§ The problem
Your answer should consist only of the lines below from the one with "Col24 Colonies Obock" through the one with "موسیقی شمال خراسان/موسیقی نواحی ایران 61", copied exactly.
-------- Listed entries
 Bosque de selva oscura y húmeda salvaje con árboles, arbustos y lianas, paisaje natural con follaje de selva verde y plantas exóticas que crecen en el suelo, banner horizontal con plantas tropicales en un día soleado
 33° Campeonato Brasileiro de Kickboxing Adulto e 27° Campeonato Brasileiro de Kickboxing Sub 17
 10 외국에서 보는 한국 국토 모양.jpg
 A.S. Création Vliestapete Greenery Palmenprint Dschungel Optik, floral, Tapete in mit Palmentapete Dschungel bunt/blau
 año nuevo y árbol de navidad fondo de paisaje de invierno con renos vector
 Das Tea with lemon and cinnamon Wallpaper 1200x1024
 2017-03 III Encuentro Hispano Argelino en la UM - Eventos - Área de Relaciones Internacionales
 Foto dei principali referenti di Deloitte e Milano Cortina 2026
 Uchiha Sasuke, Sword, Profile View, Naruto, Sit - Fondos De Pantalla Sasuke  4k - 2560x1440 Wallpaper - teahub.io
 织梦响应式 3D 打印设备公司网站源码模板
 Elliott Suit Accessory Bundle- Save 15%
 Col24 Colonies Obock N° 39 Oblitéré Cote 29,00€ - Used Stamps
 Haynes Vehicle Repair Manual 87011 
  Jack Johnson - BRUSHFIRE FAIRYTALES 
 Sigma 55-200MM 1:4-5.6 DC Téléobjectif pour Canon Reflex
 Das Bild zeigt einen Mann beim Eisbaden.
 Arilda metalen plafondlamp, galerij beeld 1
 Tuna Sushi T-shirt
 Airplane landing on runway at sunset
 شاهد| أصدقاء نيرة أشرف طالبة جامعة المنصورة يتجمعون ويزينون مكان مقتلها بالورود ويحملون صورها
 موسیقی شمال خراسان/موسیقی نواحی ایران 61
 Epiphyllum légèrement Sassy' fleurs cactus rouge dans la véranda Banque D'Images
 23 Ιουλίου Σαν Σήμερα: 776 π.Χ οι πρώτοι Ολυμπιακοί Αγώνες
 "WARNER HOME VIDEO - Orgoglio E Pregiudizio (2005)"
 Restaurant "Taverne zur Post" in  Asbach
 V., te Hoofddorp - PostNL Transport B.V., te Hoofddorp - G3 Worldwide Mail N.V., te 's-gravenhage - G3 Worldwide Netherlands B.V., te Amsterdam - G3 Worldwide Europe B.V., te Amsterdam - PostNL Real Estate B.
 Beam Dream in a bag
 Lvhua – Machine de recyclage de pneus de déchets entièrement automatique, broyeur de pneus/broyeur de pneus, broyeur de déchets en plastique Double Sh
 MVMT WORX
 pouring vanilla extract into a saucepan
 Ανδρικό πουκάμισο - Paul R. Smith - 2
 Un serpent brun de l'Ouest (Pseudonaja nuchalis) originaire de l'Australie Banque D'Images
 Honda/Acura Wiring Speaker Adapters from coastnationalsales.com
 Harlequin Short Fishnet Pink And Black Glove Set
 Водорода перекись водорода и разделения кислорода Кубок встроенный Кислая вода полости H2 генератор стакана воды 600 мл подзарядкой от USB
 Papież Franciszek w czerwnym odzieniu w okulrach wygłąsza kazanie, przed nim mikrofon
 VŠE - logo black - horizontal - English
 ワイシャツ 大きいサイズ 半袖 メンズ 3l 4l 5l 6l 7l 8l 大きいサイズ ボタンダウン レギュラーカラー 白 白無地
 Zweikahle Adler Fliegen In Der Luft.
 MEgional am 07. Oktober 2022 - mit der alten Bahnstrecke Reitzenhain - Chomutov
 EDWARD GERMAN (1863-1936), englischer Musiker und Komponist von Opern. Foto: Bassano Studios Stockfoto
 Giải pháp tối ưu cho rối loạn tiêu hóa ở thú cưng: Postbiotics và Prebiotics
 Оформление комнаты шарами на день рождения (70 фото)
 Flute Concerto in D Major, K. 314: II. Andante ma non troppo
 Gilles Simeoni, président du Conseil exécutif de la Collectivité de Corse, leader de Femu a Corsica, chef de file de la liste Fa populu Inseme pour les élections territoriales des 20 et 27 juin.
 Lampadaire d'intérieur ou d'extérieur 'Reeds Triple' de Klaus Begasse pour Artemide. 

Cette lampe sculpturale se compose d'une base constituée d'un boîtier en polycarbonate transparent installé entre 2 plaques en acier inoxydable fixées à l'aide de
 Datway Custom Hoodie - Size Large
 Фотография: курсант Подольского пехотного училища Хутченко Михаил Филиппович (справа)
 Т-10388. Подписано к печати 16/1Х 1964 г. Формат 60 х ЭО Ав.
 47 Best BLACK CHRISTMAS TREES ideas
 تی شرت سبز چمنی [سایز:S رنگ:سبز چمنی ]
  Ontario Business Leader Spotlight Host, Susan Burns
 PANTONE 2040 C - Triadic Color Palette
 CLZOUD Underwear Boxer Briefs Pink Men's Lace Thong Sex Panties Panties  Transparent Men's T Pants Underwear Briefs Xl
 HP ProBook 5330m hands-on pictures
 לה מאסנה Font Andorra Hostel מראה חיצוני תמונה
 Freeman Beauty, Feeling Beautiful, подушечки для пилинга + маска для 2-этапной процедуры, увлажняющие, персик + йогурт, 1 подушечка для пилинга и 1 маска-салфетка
----------------
§ Task result
 Col24 Colonies Obock N° 39 Oblitéré Cote 29,00€ - Used Stamps
 Haynes Vehicle Repair Manual 87011 
  Jack Johnson - BRUSHFIRE FAIRYTALES 
 Sigma 55-200MM 1:4-5.6 DC Téléobjectif pour Canon Reflex
 Das Bild zeigt einen Mann beim Eisbaden.
 Arilda metalen plafondlamp, galerij beeld 1
 Tuna Sushi T-shirt
 Airplane landing on runway at sunset
 شاهد| أصدقاء نيرة أشرف طالبة جامعة المنصورة يتجمعون ويزينون مكان مقتلها بالورود ويحملون صورها
 موسیقی شمال خراسان/موسیقی نواحی ایران 61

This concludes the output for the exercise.